▶ [Stored data]:
--*--
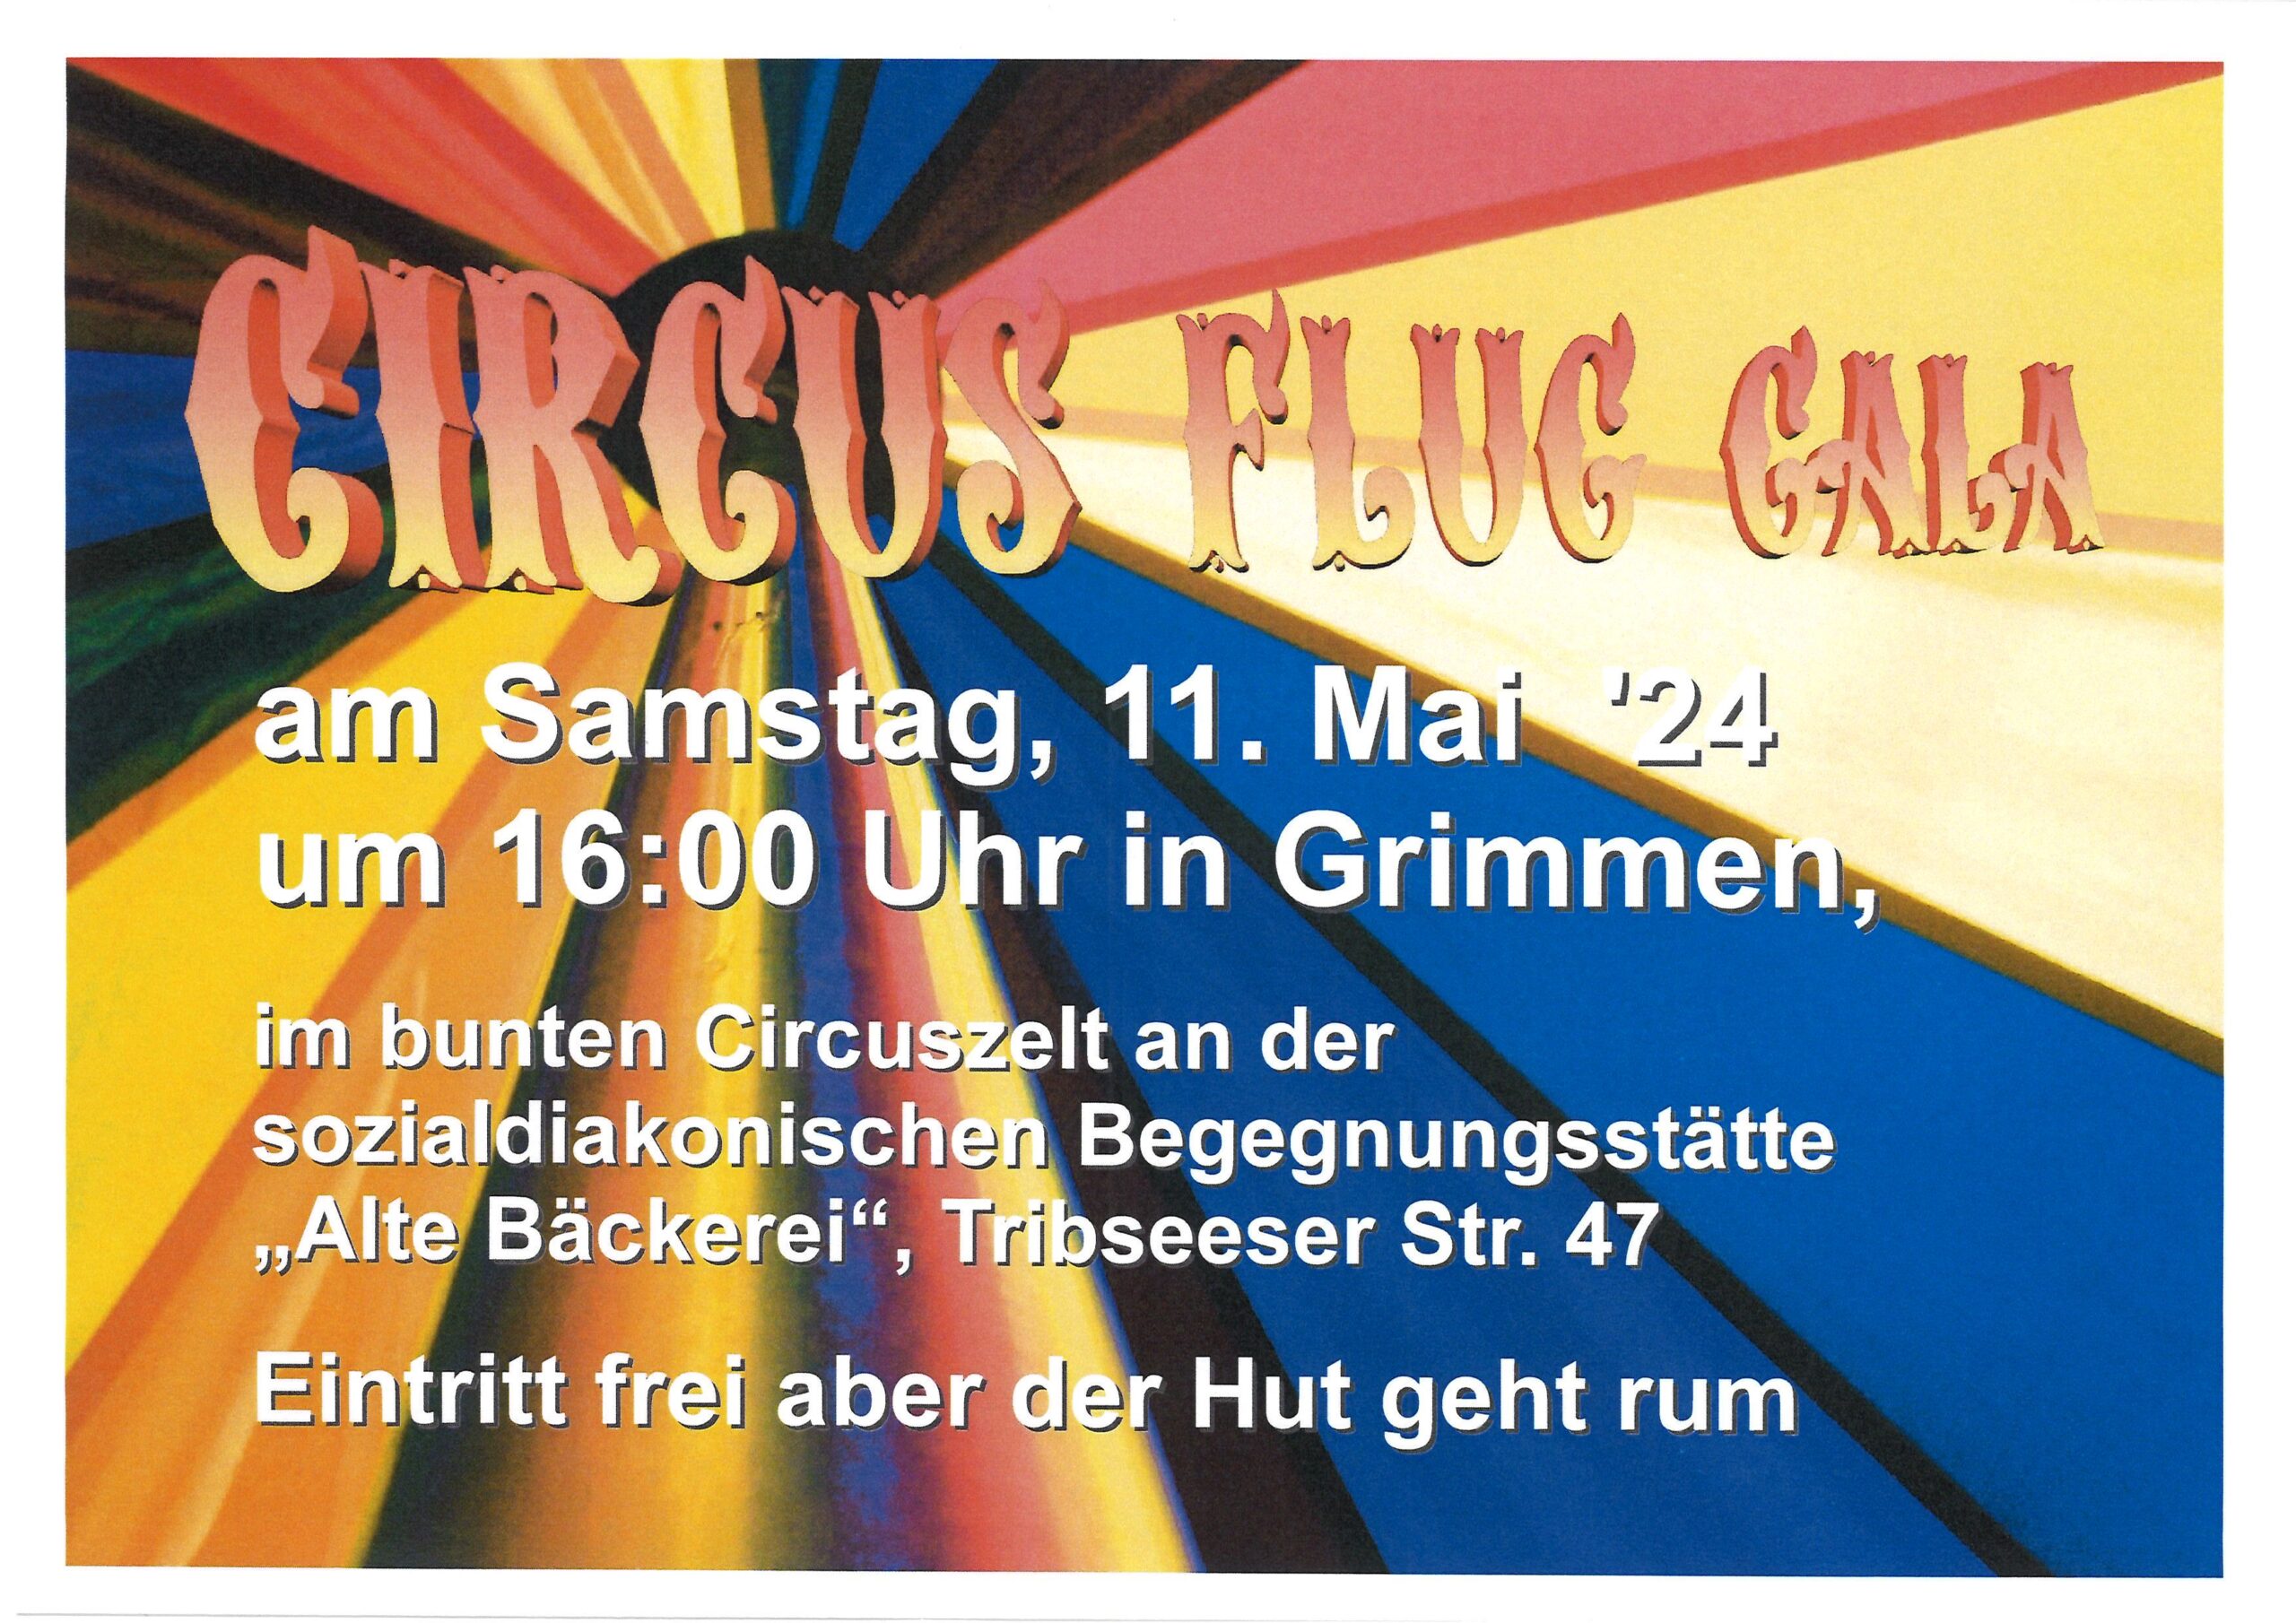 Circus Flug Gala in Grimmen
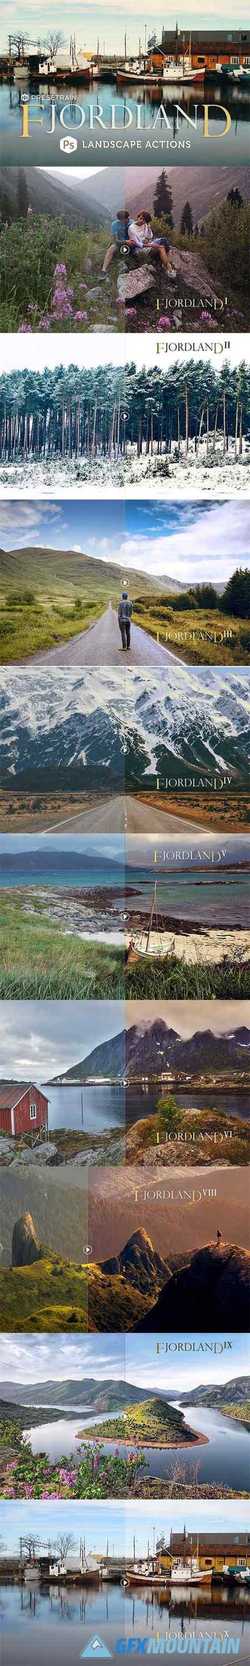 Fjordland Landscape Photoshop Actions
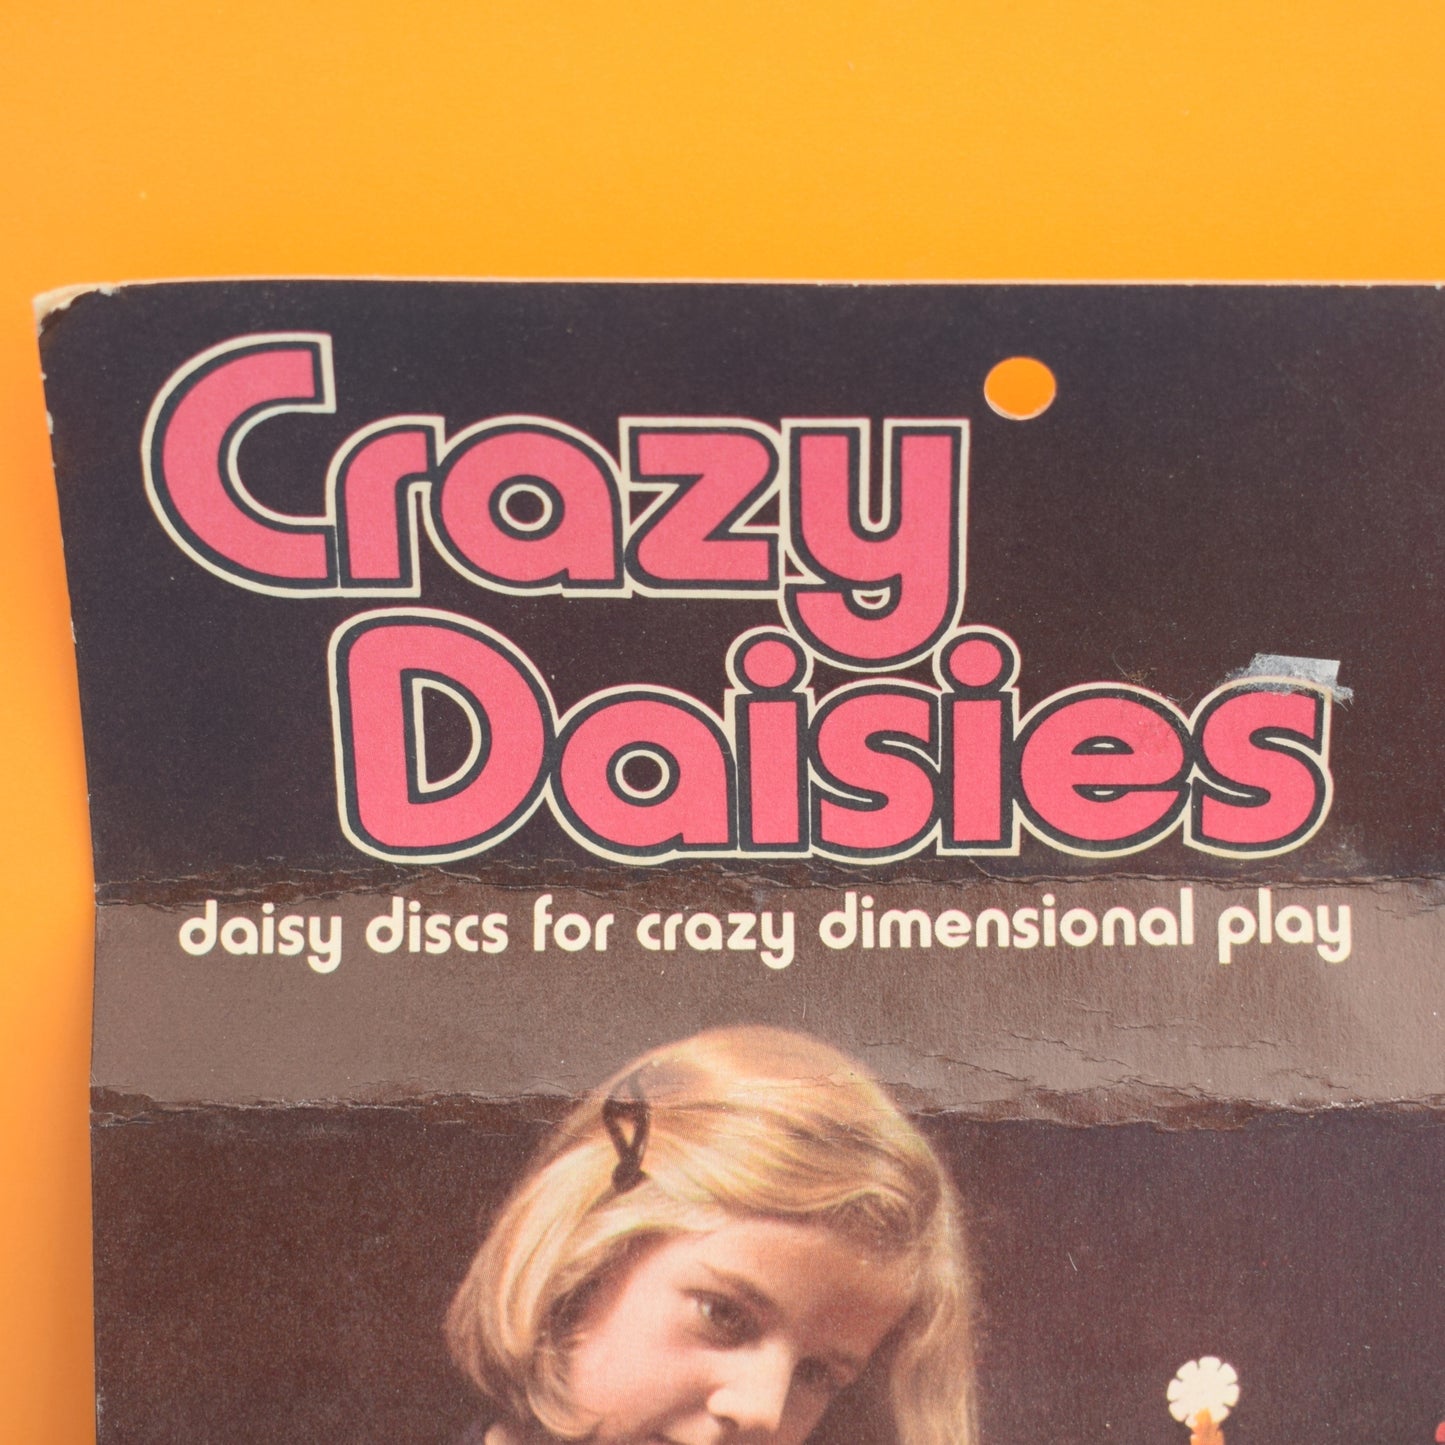 Vintage 1960s Crazy Daisies - Boxed -Victoy
--*--
▶ [Work instructions]: Nothing but an exact transcription of the material, without pictures, should be returned.

▶ [Output below]:
 Circus Flug Gala in Grimmen
 Fjordland Landscape Photoshop Actions
 Vintage 1960s Crazy Daisies - Boxed -Victoy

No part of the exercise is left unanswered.